When I reread the piece this morning I don’t tear up. There is a distance between then and now. But what Browne writes is still powerful. He writes about the genius of Trump’s rhetoric, how the president won by using intersectionality against the progressive movement. How he weaponized ignorance and stoked fear; how he encouraged his followers to hate with impunity and inclusivity. Civil libertarians, liberals, and civil rights workers weren’t able to respond as a united front, siloed as they were in their separate communities.

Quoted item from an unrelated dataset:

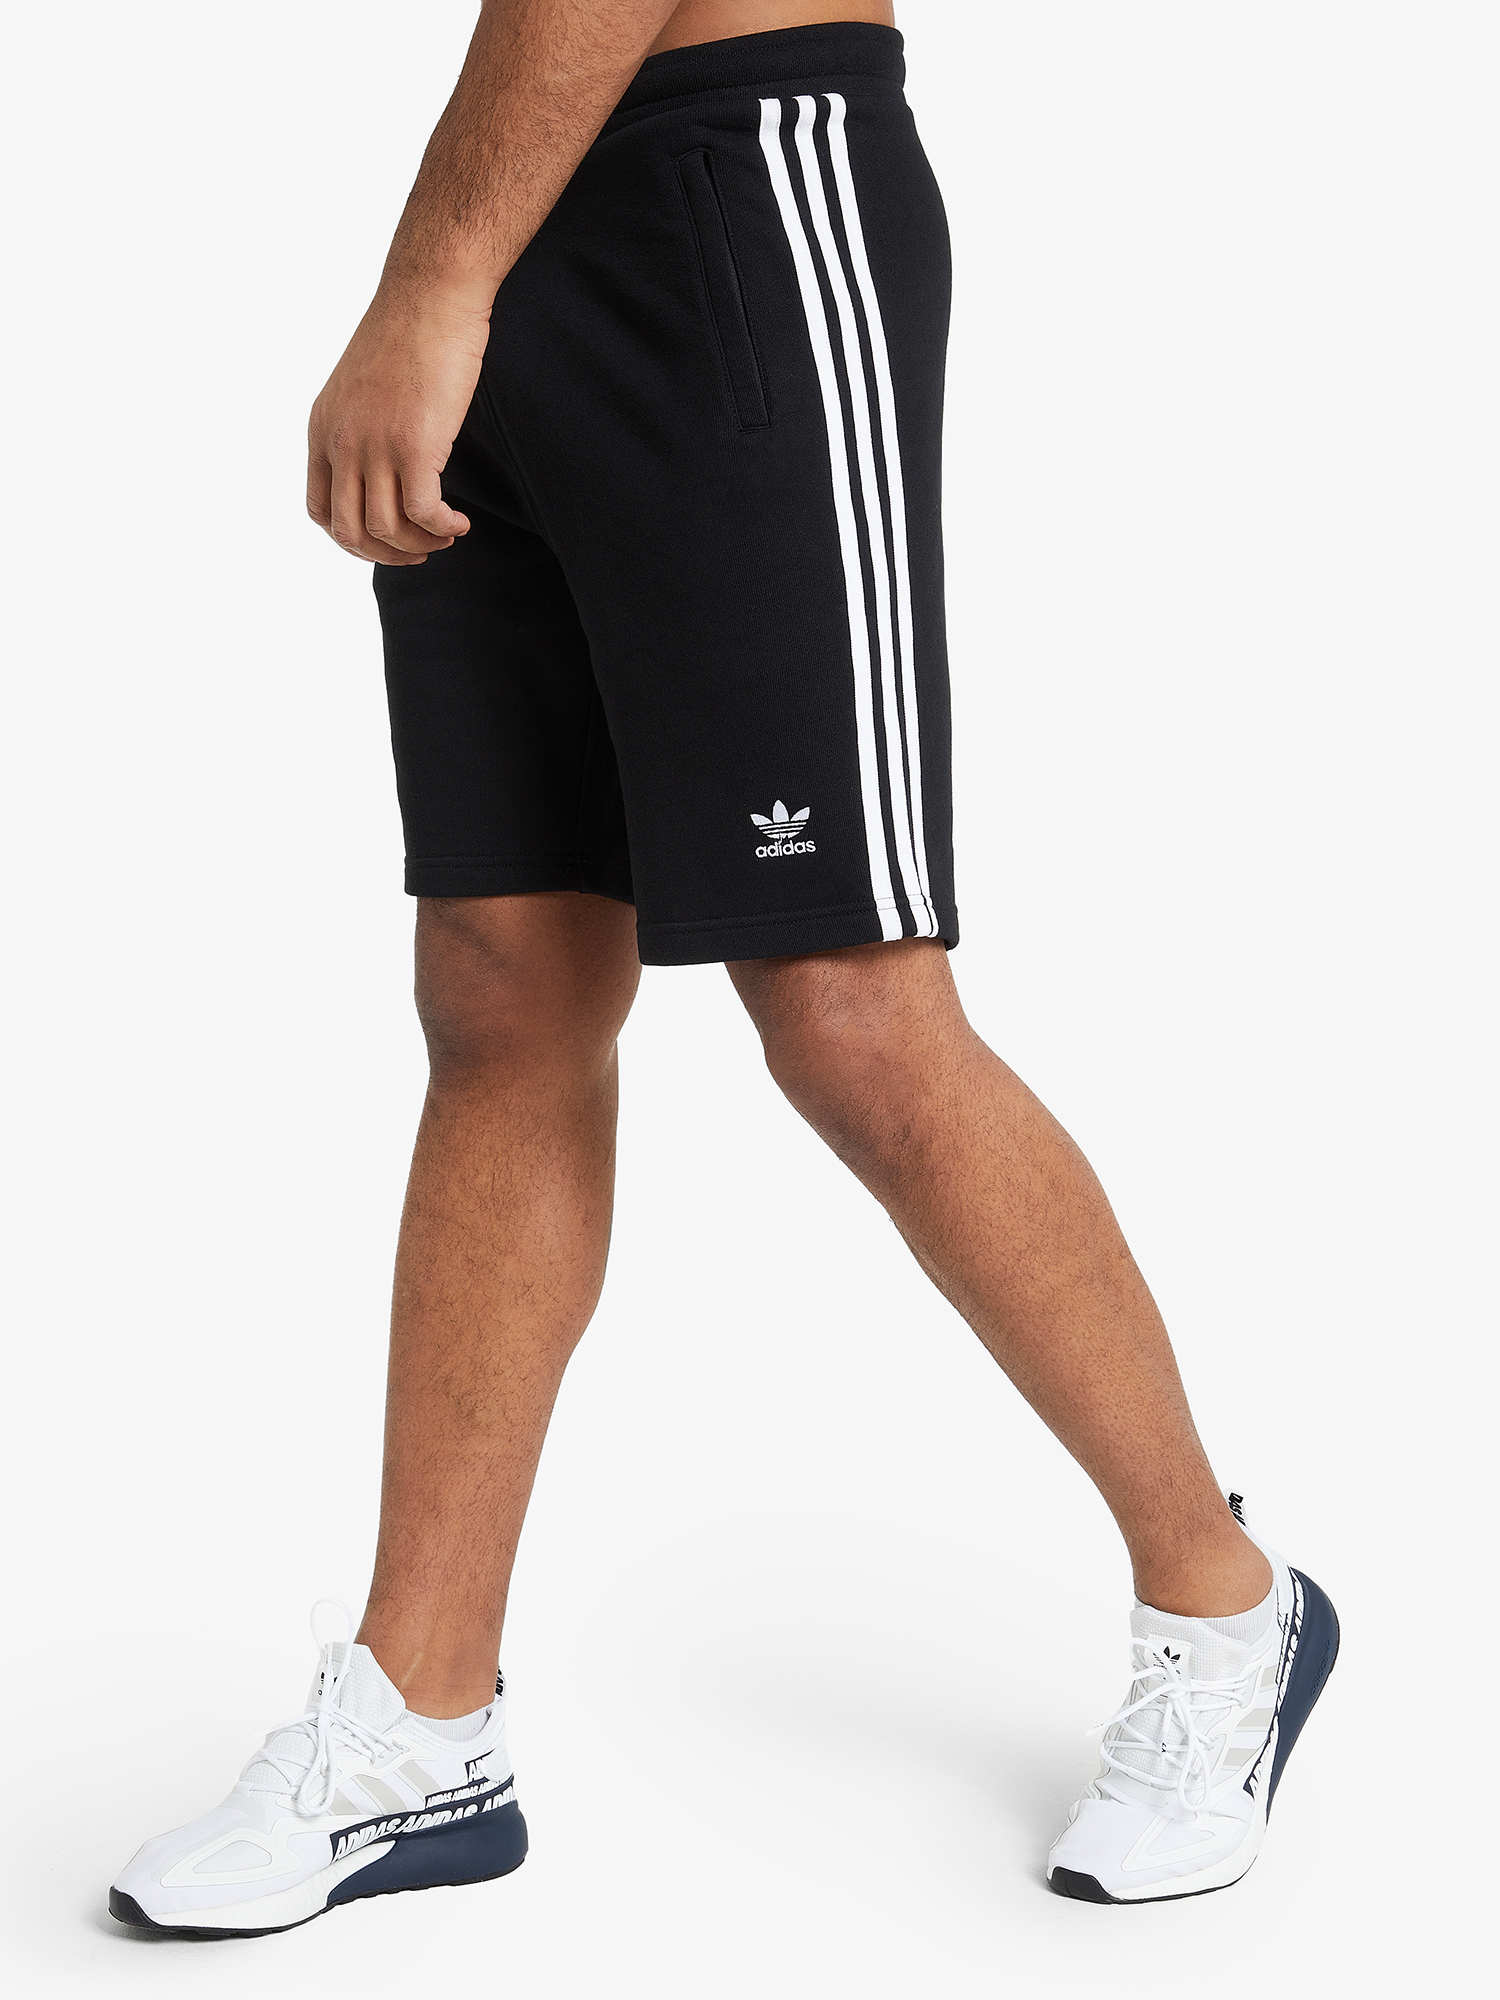 Шорты мужские adidas 3-Stripes, Черный
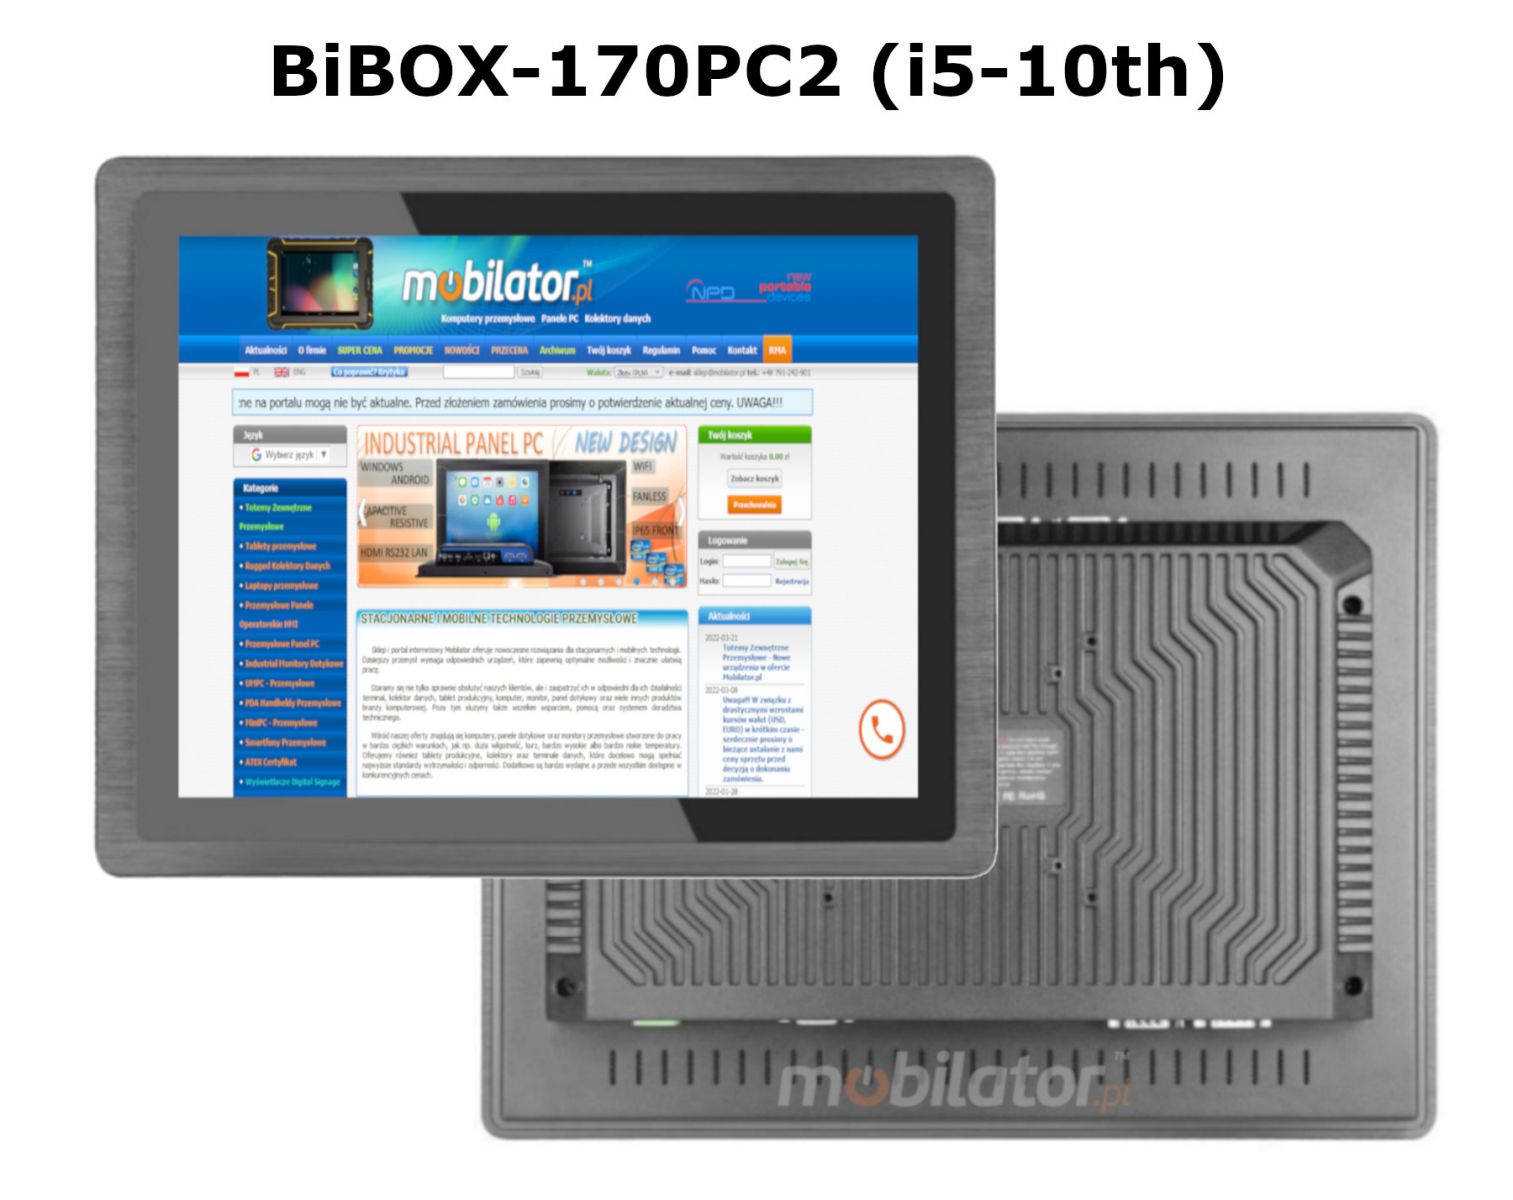 BIBOX-170PC2 odporny i pojemny komputer panelowy z WiFi i Bluetooth

“Hate like love is infectious,” Browne reminds the reader. The piece is not uplifting, but it is a call for people to unite against Trumpian values—it is also a passionate piece of prose written in raw aftermath of the election. So I write about that.
I check my AstrologyZone horoscope.
Riding the subway home from the office, I read an US Weekly magazine over another person’s shoulder. I wonder if she knows I’m reading because I have a clear view of the words. I suspect she’s sharing on purpose. She gets up at the next stop. I pretend I haven’t been leaning over her and take her seat.
I have two books with me: the Odyssey and Insomniac City: New York, Oliver, and Me by Bill Hayes. I choose to read Hayes’s book, because I’m interviewing him next week and should start preparing. Also my new friend insomnia has made me curious about how others cope without sleep.
I get home earlier than usual. I dig out my book, but think better of it. I pour wine and steal an hour alone in front of the TV.